がたがた……と、ライドが進み始めた。だんだんと高度が上がるとともに、景色が良くなってくる。まあ、見ている余裕なんて無いんだけど。
「ねぇ……りょーくん」
小鳥遊さんがぽつぽつと喋り出した。
「これ、世界最速なんだって……レールから外れちゃうかもね?」
「いや怖っ!今そんなこと言わないでよ!」
「そうそう、これは都市伝説なんだけどね……?今りょーくんが座ってる位置って、今までの事故で一番死者が多かったみたいで、霊媒師たちは強い霊が憑いてるって言ってるらしいよ…………」
「ねえやめて小鳥遊さん!」
「ねえりょーくん」
「今度はなにかな!?」
「私……このアトラクションから無事に生きて帰れたら、故郷で待ってるアイツと結婚するんだ…………」
「それ死亡フラグって言うんだけど知ってて言ってるんだよね!?怖いよマジで!」
そうしてついに、ジェットコースターは最も高い位置に到着し、下りだす瞬間––––––––小鳥遊さんは言った。
「まっ、全部ウソなんだけどねっ☆」
「こんちくしょおおおおおおぉぉぉぉ‼︎‼︎」
僕の叫びがこだました。知ってたけどねっ!
「もう嫌だ……あんなもの、絶対乗らない……うえっ…………」
「ごっごめんねりょーくん…………ちょっとやりすぎちゃった……」
「いや、大丈夫だから…………」
今は、ジェットコースターから降りてベンチで休んでいる最中だ。ここは直ぐ近くにトイレがあり、少し深めのくぼみになっているため周りから見られにくく、色々上がってきてもすぐ対処できるようトイレまで直線でいける。

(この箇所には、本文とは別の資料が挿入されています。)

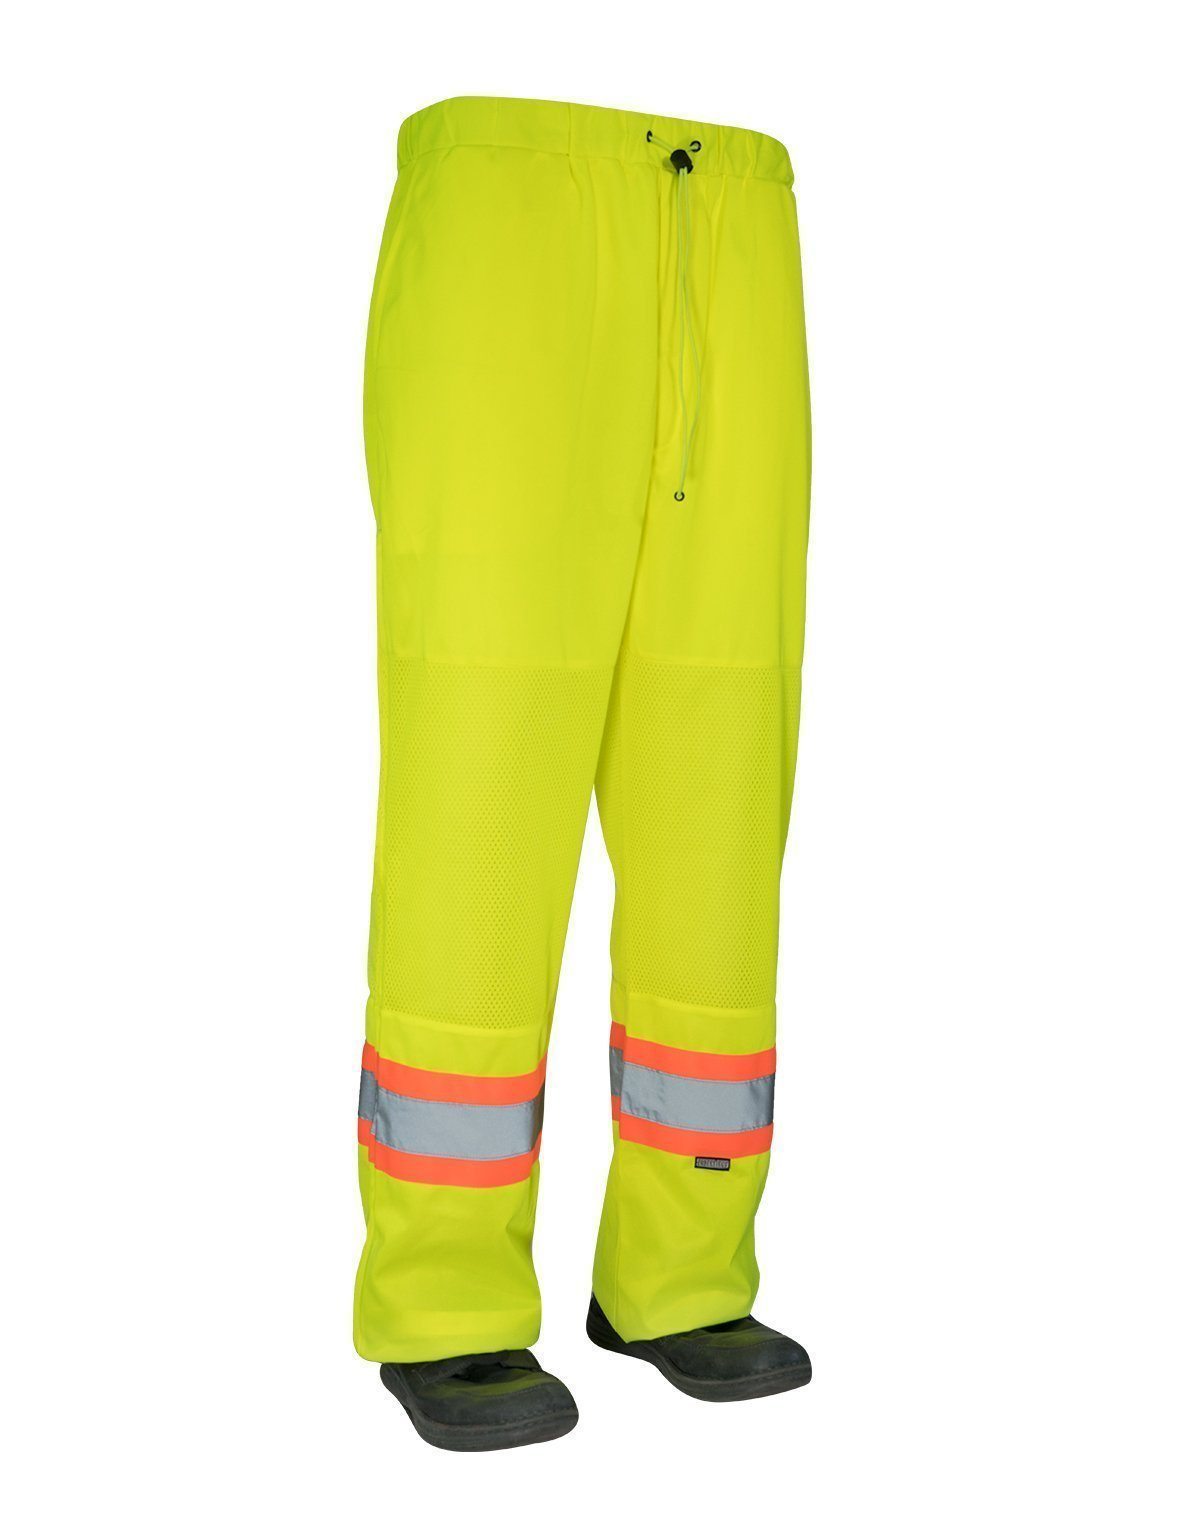 THAMUZ 6 Pocket reflectorized safety pants  Cutton Garments

もしベンチで問題が起きても不用意に人に不快感を与えることはない。
「…………ほんとに具合悪そうだよ?」
「大丈夫…………ちょっとすれば治ると思うから……うっぷ」
心配そうにしている小鳥遊さんに申し訳ないと思いつつ、僕はどうにか吐き気を抑える。
「そうだ」
すると、小鳥遊さんはなにを思ったのか僕から少し離れてふとももをとんとんと叩いた。
「おいで?横になったほうが楽だと思うから」
「いやそれは流石に」
「…………おいで」
その有無を言わさぬ声色に、僕は大人しく小鳥遊さんのふとももに頭を乗せた。
「大丈夫だよ。ここ、周りからあんまり見られなさそうだから」
「そ、そっか」
そんなことより、僕は柔らかいふとももに気を取られるんだけど…………直だし。
「よしよし」
小鳥遊さんが優しく僕の髪を撫でた。その時に、ふと「なぜ」と言う言葉が浮かんだ。僕は、目を閉じたままそれを聞いた。
「小鳥遊さん」
「なぁに?」
「なんで、ここまでしてくれるの?」
「…………」
「僕は覚えてないんだけど、前にあったことあるんだよね?その時の僕は、そんなにいい奴だったの?」
「…………付き合ってくれるなら教えてあげる」
「それは…………ちょっと難しいかもしれない」
「じゃあだめー」
小鳥遊さんは、心底楽しそうにそう言った。
「また今度、教えてあげる」
「…………分かった」
僕は以前目を瞑ったまま、その言葉を聞いた。
「………………ん?」
気分を早く回復させようと思ったところ、なにやらこつこつと響く足音が聞こえてきた。誰かトイレに行くのだろう。流石に、見られるのはまずいかな。
「小鳥遊さん、ちょっと」
「あ、うん」
そうして僕がのっそりと身体を起こそうとしたところで、目があった。